- Exercise goal
Go to the line containing "Stinking hellebore (Helleborus" in the material below. From there to the end, retype every line exactly and drop the pictures.

- Source data

★ ★ ★ ★

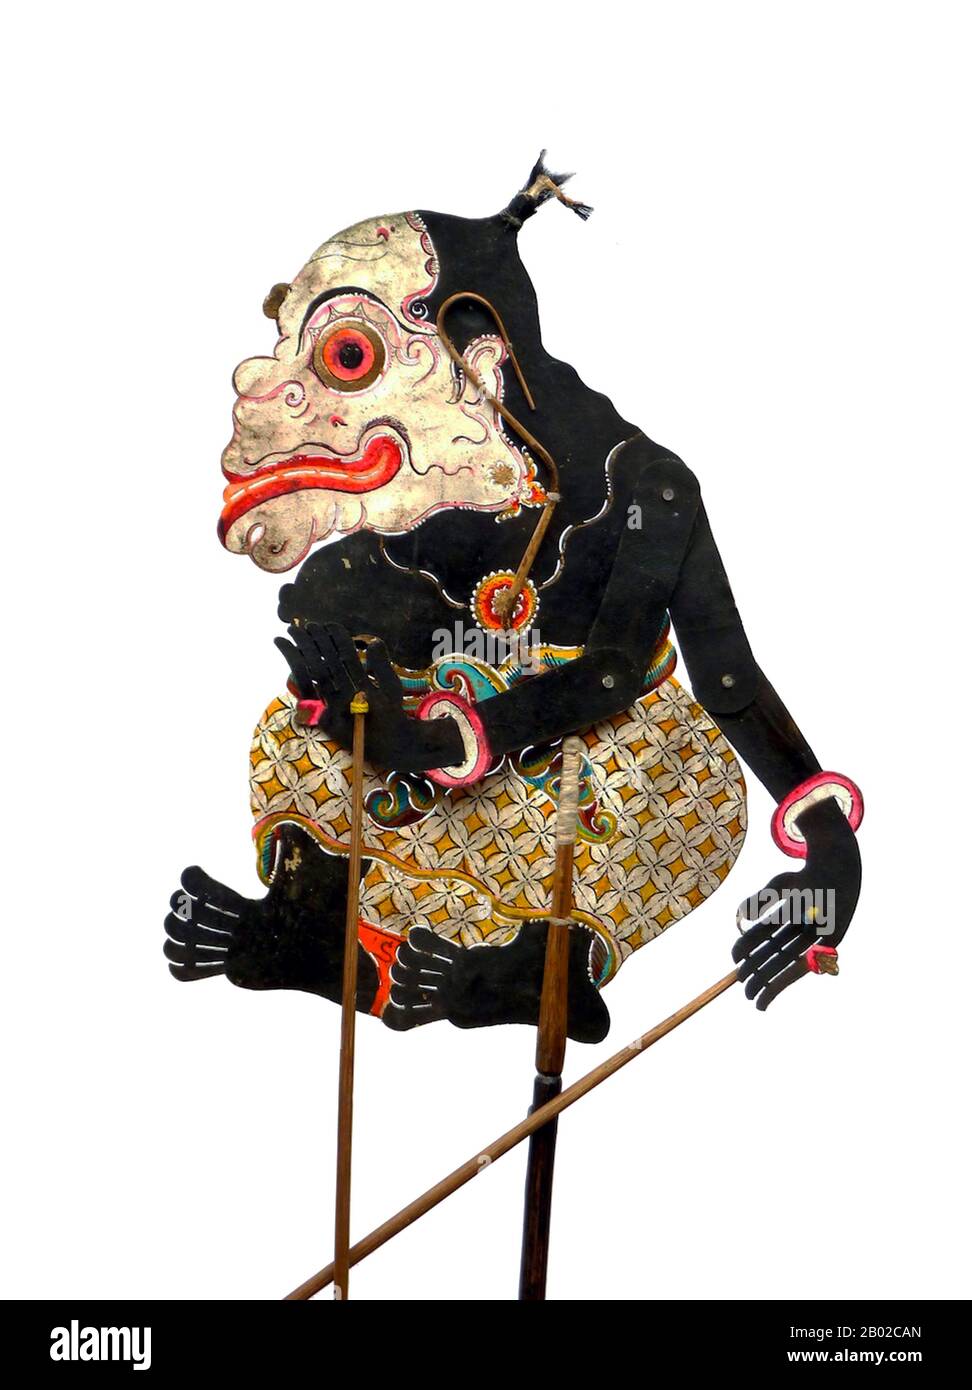 Dans le wayang javanais (marionnettes d'ombre), le panakawan ou le panakavan (phanakavhan) sont les serviteurs de clown du héros. Il y en a quatre – Semar (également connu sous le nom de Ki Lurah Semar), Petruk, Gareng et Bagong. Semar est la personnification d'une divinité, parfois dit à être le dhanyang ou l'esprit gardien de l'île de Java. Dans la mythologie javanaise, les déités ne peuvent se manifester que comme des êtres humains laides ou non prépossédant, et Semar est toujours dépeint comme étant court et gras avec un nez pug et une hernie bancale. Ses trois compagnons sont ses fils adoptés, donnés à Semar comme votaires par leur p Banque D'Images
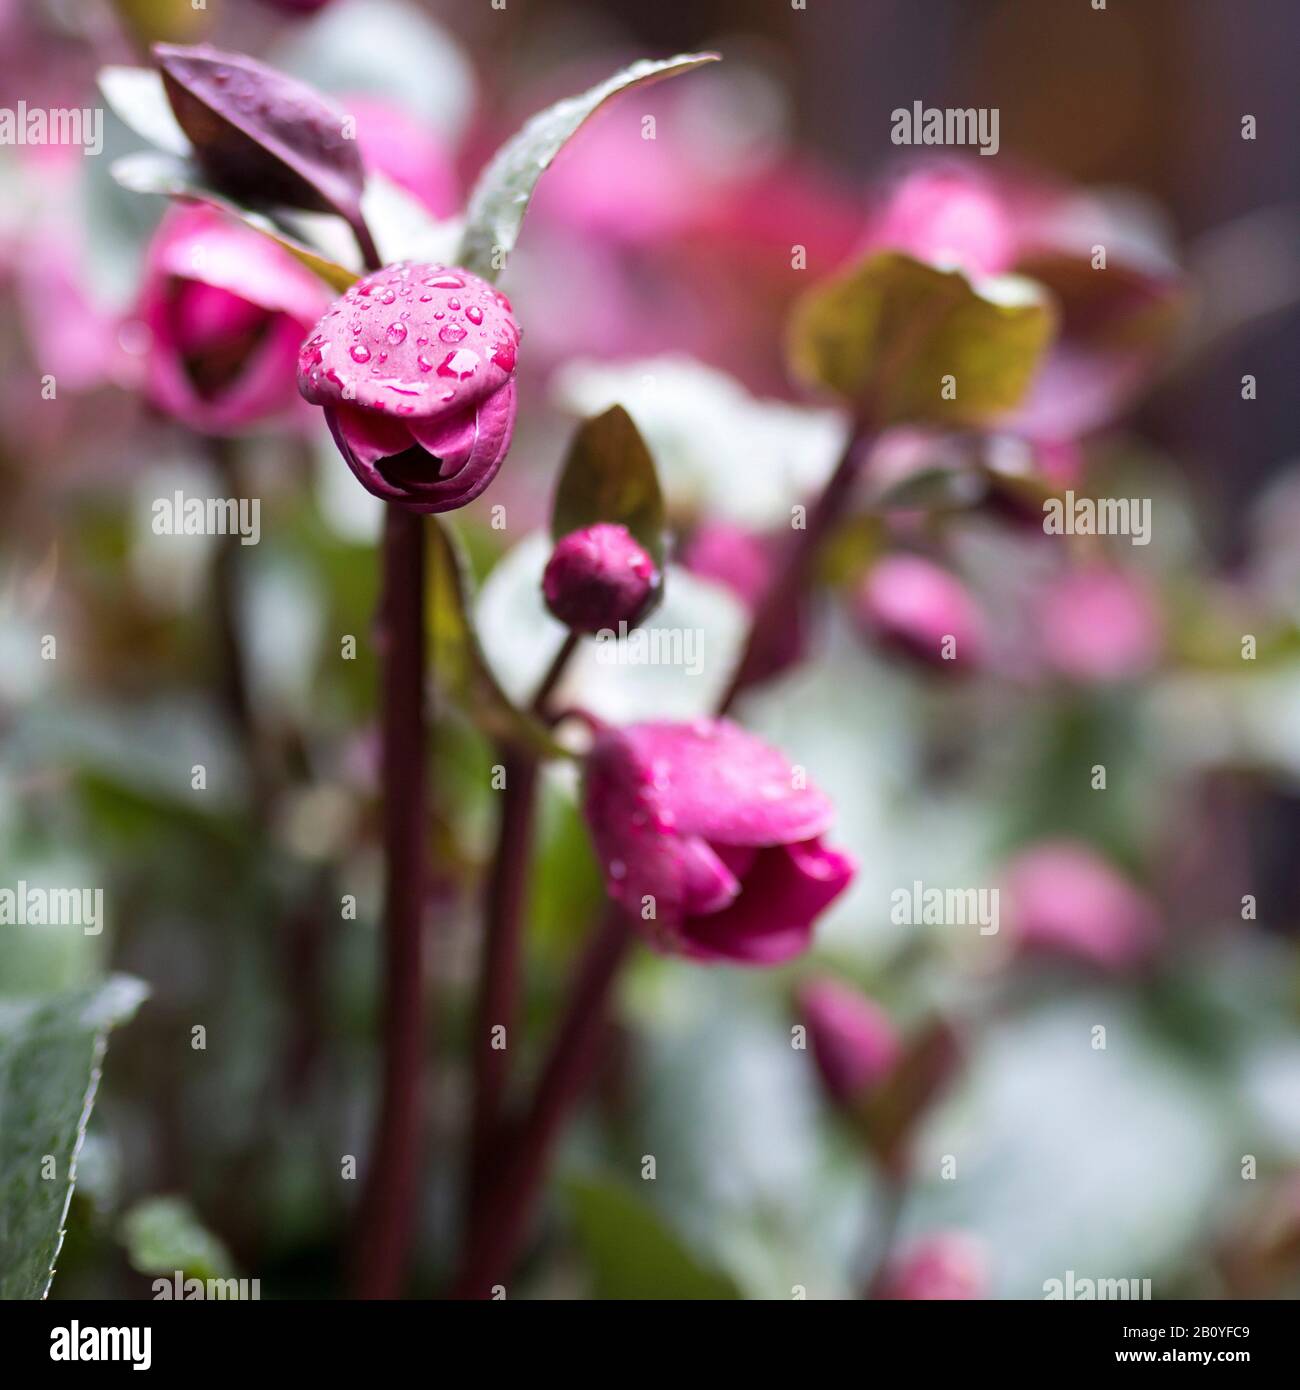 Stinking hellebore (Helleborus foetidus) in rain with raindrops Stock Photo
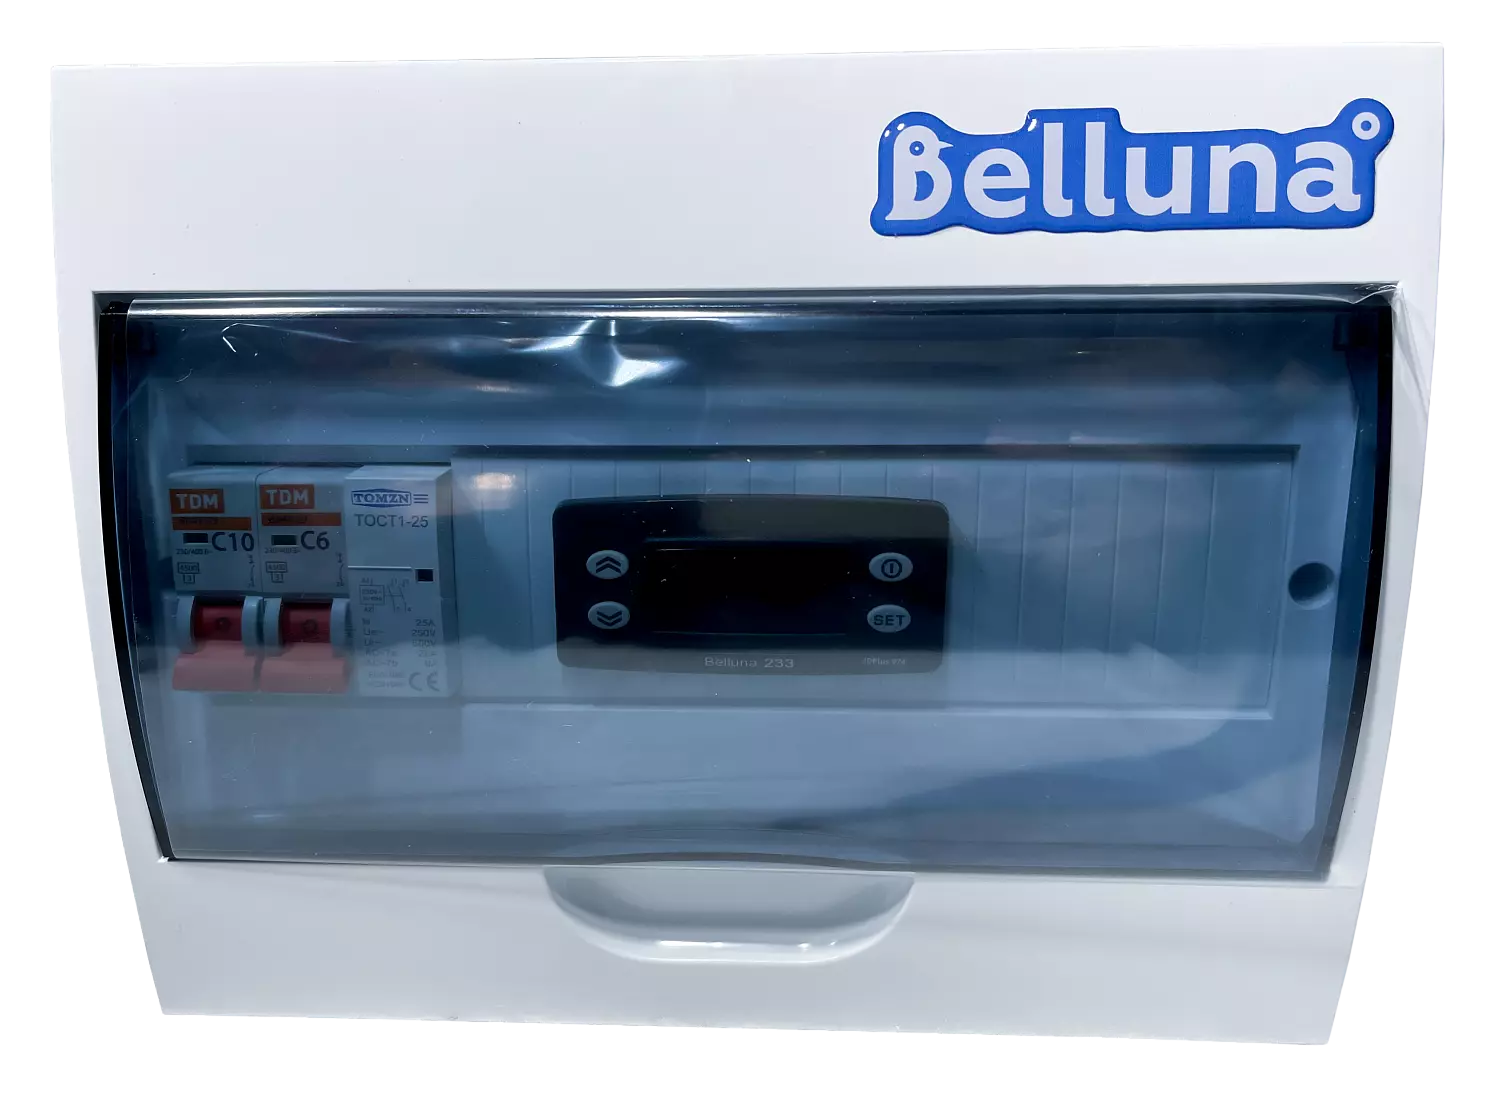 сплит-система Belluna U102-1 Воронеж

★ ★ ★ ★

- Solution to the problem
 Stinking hellebore (Helleborus foetidus) in rain with raindrops Stock Photo
 сплит-система Belluna U102-1 Воронеж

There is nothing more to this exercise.